Читать книгу Зона - Аллочка Сохе - Страница 11
Глава 6
ОглавлениеВорота тюрьмы открылись и два джипа въехали на территорию.
– Владимир Иванович, прошу в мой кабинет, – засуетился начальник.
– А куда же еще, не в камеры же вонючие идти.
– Зря вы так, Владимир Иванович, у нас неплохие камеры. Заключенные хорошо живут в них. Все есть, простыни, по…
– Ты, что отчитываться за хозяйственную деятельность будешь, – грубо оборвал его Владимир Иванович, – я здесь не для этого. Хочу понять, кто ему помогает. Не ты случаем? А?
– Что вы Владимир Иванович? Да, как подумать могли на меня?
– А одежда? А табак? Сколько он здесь сидит?
– Полгода уже.
– Ты что же думаешь, у него за это время все схвачено? Где его личное дело?
– Вот, оно. Подготовили, – услужливо открыл папку начальник тюрьмы.
– Посмотрим, кто ты есть такой шустрый. – Сказал Владимир Иванович, усаживаясь в мягкое кресло начальника тюрьмы. Взял папку.

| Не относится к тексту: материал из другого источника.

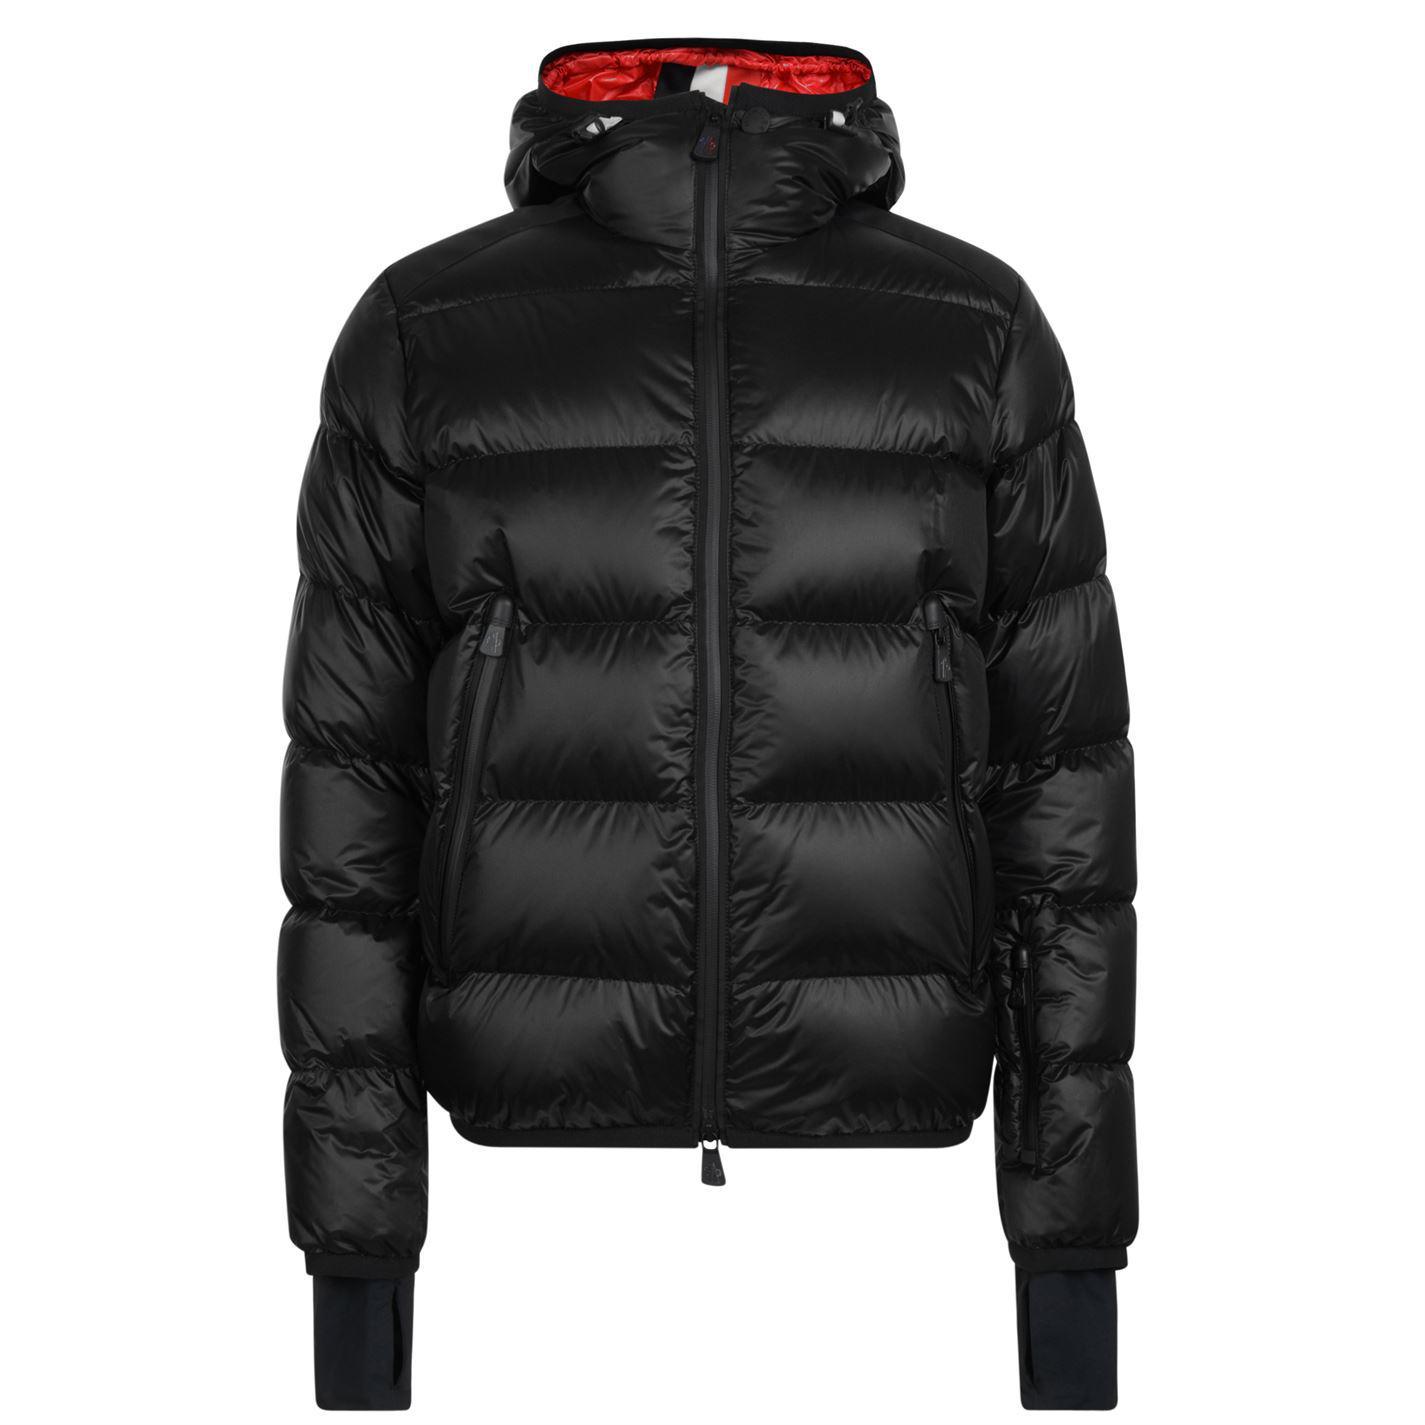 Moncler Grenoble. Men's Black Hintertux Padded Jacket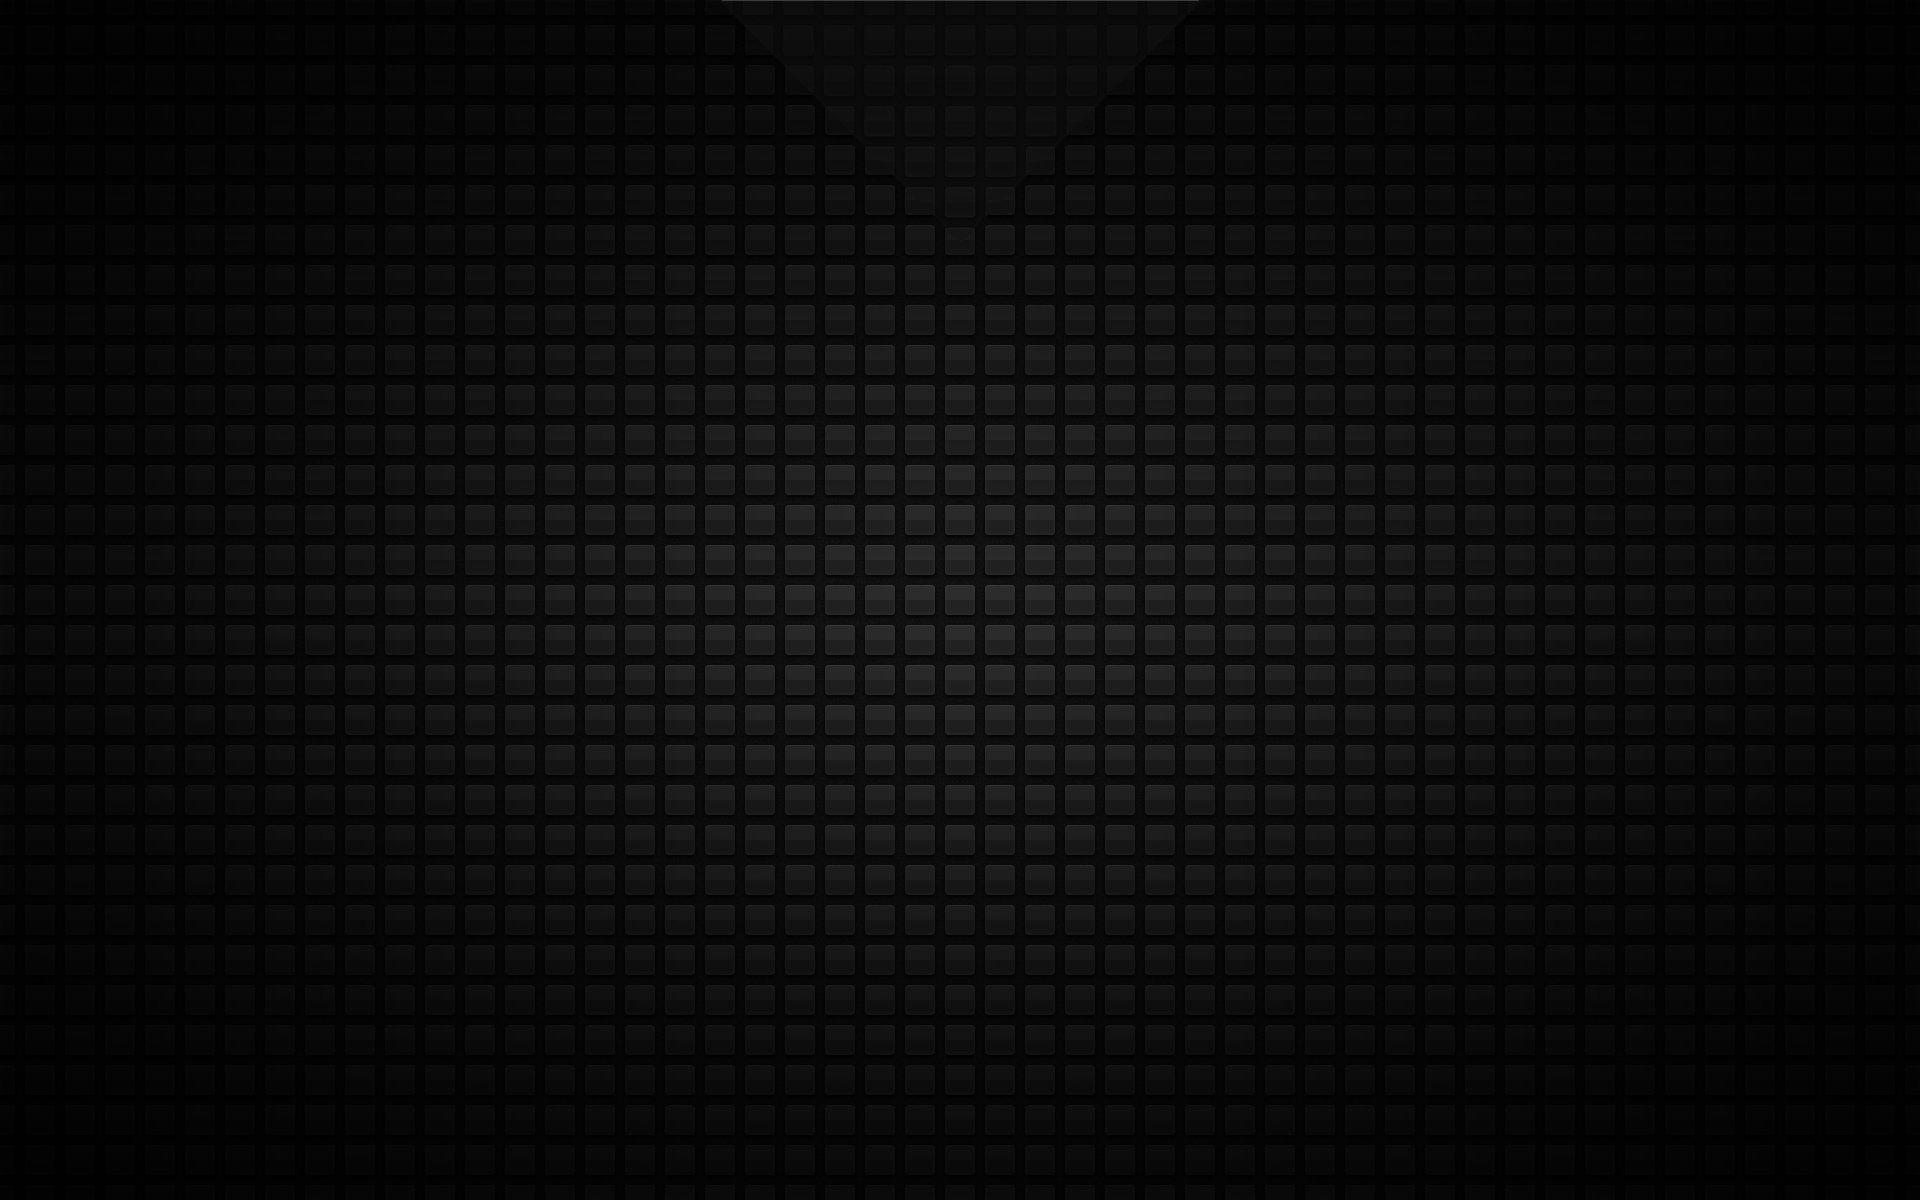 wallpaper hitam keren 156124 Hitam, Desain, Seni

– С… Владислав Николаевич, – он дочитал фамилию, имя, отчество, потом снова, еще раз и ему стало плохо: спазмы подступили к горлу. Задыхаясь, не мог ничего произнести. Усилием воли, чтобы никто ничего не заметил, заставил себя вдыхать воздух небольшими порциями.
Это был испуг. Он спровоцировал приступ. Спазмы сжимали горло. «Дышать! Дышать!», – мысленно приказывал себе Владимир Иванович. Необходимо восстановить дыхание, хотя очень хочется крикнуть: «Вот это да!»
Действительно, будь он один, так бы и случилось. Люди, которые находились вместе с ним в кабинете – подчиненные. Показать свою слабость – смерти подобно. Для них он пахан, не имеющий жалости ко всем этим людишкам, зависящим от него. Вседозволенность, порожденная полной безнаказанностью за любые действия и поступки, развила в нем чувство всемогущества. Таких как он, было много в стране в этот непростой период, когда все решали деньги, вернее их количество. Именно, благодаря им, он поддерживал свой имидж всемогущего Владимира Ивановича.
Привык, что все просьбы выполнялись безоговорочно. Если что-то шло не так, как хотел, угрожал, если и это не действовало, покупал. Деньги, как уяснил еще в детстве, имеют абсолютное могущество, а у него их много. Откуда? А кто сейчас спрашивает, откуда деньги? Никто. Главное, они есть.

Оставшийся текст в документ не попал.